In a research note, Analysys Mason said the acquisition should help Samsung connect two separate core businesses: consumer electronics like smartphones and tablets, and domestic appliances like washing machines and refrigerators.
“Its competitors Apple and Google lack the appliances in the home that Samsung has, while domestic rival LG, although it also supplies domestic appliances as well as consumer electronics devices, lacks a strong presence in the smartphone and tablet markets,” Analysys Mason said.
We see some problems with this.
Firstly, how many people actually want this as we have heard, completely unsubstantiated and off the record, that sales of Samsung’s line of connected appliances have been, will we say, less than stellar. Reports would seem to indicate that it really wasn’t worth the effort.

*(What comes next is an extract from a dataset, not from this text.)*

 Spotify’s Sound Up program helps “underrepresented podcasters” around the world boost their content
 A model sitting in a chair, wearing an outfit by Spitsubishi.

This will come as little surprise, especially so in the recent financial climate where people are not spending on premium appliances and in general, like much of the trade, most customers struggle to see the point of internet enabled appliances.
The next big question is, how long will these products remain in service?
With fast moving technologies people expect that they may have to upgrade after a few years at most but, with large appliances that replacement cycle is not expected to be so short, even if it has gotten shorter in recent years.
Then there’s security issues, which have been much publicised of late in regard to the internet of things.
On top of which, will Samsung’s platform play nice with others? We’d doubt it.